The Army is scouting for an intrusion defense system for military ground vehicles that will protect against cyberattacks.
Because some military vehicles use the same software and electronic architectures as commercial vehicles, they are potentially vulnerable to hacking. To help it defend its fleet, the Army Tank Automotive Research, Development and Engineering Center is scouting for an intrusion defense system that can “protect against and mitigate cyber-attacks on military vehicles,” according to a recent request for information.
The RFI provides few details other than some information on vehicle power and cooling requirements for the vehicles, but Richard Bowers, the manager for unmanned surface vessels at Leidos, said this was likely intentional so the Army can "cast a wide net to see what tools exist.”
So what kind of technologies will the Army see in responses? They will likely fall into two camps, prevention and detection, according to Andre Weimerskirch, the vice president of cybersecurity and functional safety at Lear Corp.
Prevention will include segregating the network, so if hackers make it onto one part of the system they won’t be able to travel to other parts of the vehicle. It will also include secure booting, which will prevent the system from booting up if manipulated software has been detected. Network communication also has to be protected, said Weimerskirch, who has also worked with University of Michigan’s MCity research facility for connected and autonomous vehicles.
Secured vehicles also need software to detect any malware that has gotten in. Typically, detection software reports to a cloud-based security operations center that runs analytics on collected data to identify cybersecurity issues.
The onboard software, in combination with the cloud environment, makes up an intrusion detection system. Intrusion detection systems are out of the research phase and will likely be included in consumer automobiles as early as 2020, Weimerskirch estimated.
But there are some important differences between the consumer environment and the military battlefield, most notably the motivation behind the attack. Hackers targeting consumers are likely to have financial motives -- a ransomware attack that disables a car until the hacker is paid, for example. In the military, the possibility of electronic vulnerabilities being exploited by nation states means "you need to have far higher standards when you build your security around military devices,” Weimerskirch said.
“It is an area of concern for our customers,” Bowers said, especially as the use of autonomous systems increases.
“When you’re looking at an unmanned or an autonomous system, everything is software driven, so you have unique attack vectors,” he said.

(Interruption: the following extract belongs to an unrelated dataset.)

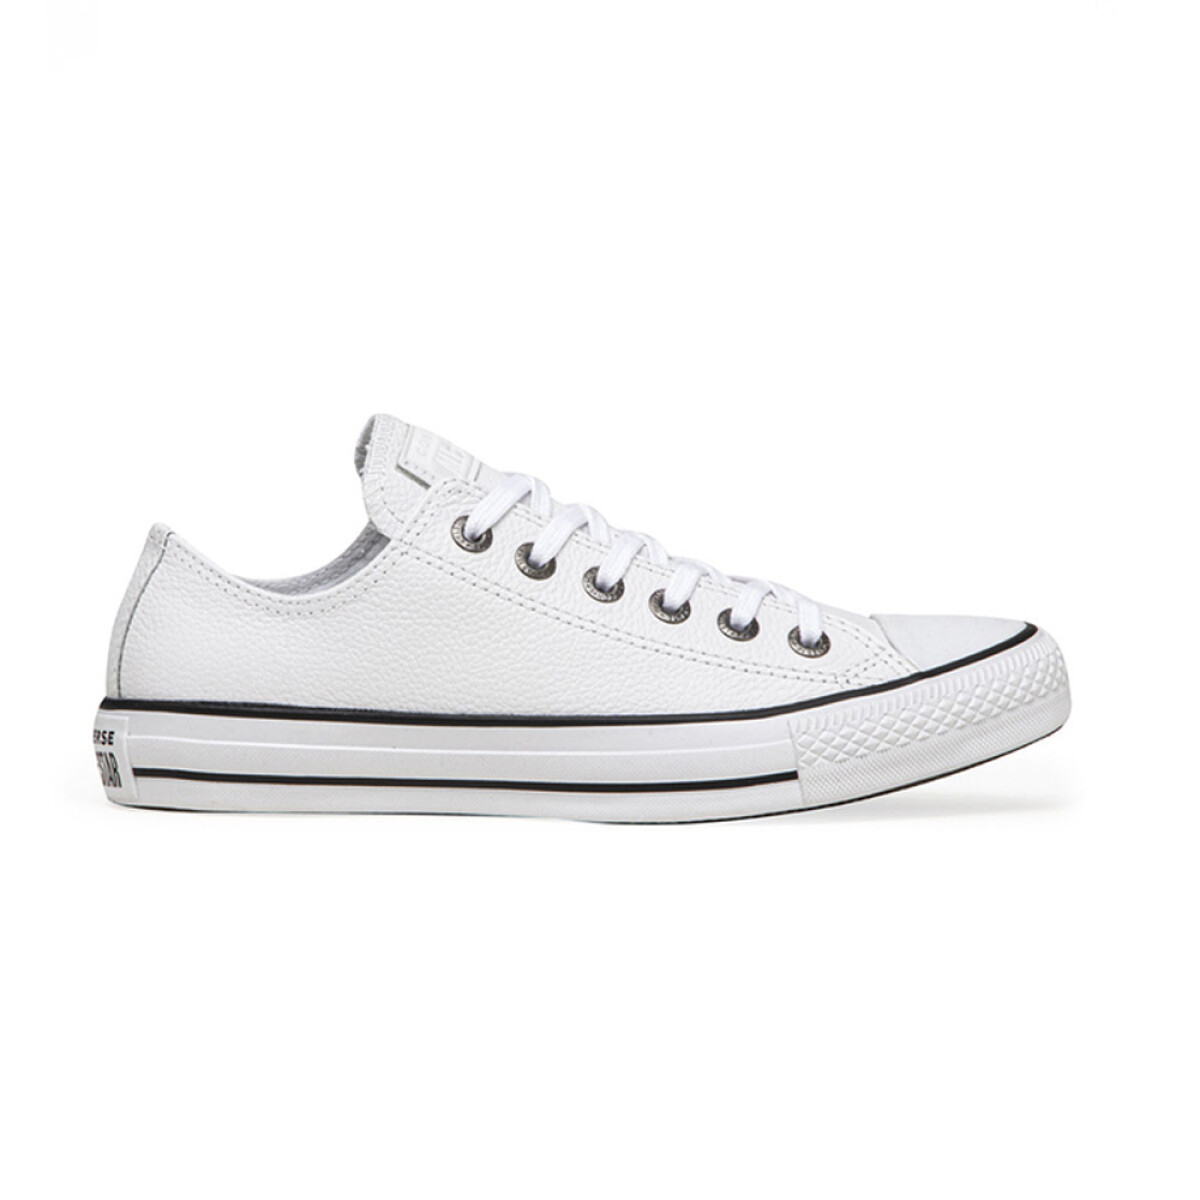 CONVERSE CHUCK TAYLOR ALL STAR LEATHER - White

Those systems must be trusted and predictable, so cybersecurity will have to keep pace.
“What’s new is coming up with a system that can respond to threats even while it's on the battlefield,” Bowers said. “What we’re looking at is technologies that will allow the cybersecurity itself to become autonomous and be dynamic and on the network even while it's deployed.”
Autonomous cybersecurity will be able to recognize new threats based on characteristics of existing threats and to analyze system behavior to recognize if something is wrong, he said.
Part of this analysis will be handled by intrusion detection systems, but integrated system health monitoring will also scan for problems that are less obvious than a hack or intrusions, he said.
Besides prevention and detection, autonomous vehicles must have the ability to be patched in fighting environments that have very little bandwidth. “You can’t have them all come back to base to update a new service patch every Tuesday like you do with your office computer,” Bowers said.
Responses to the Army’s RFI are due by noon on April 24.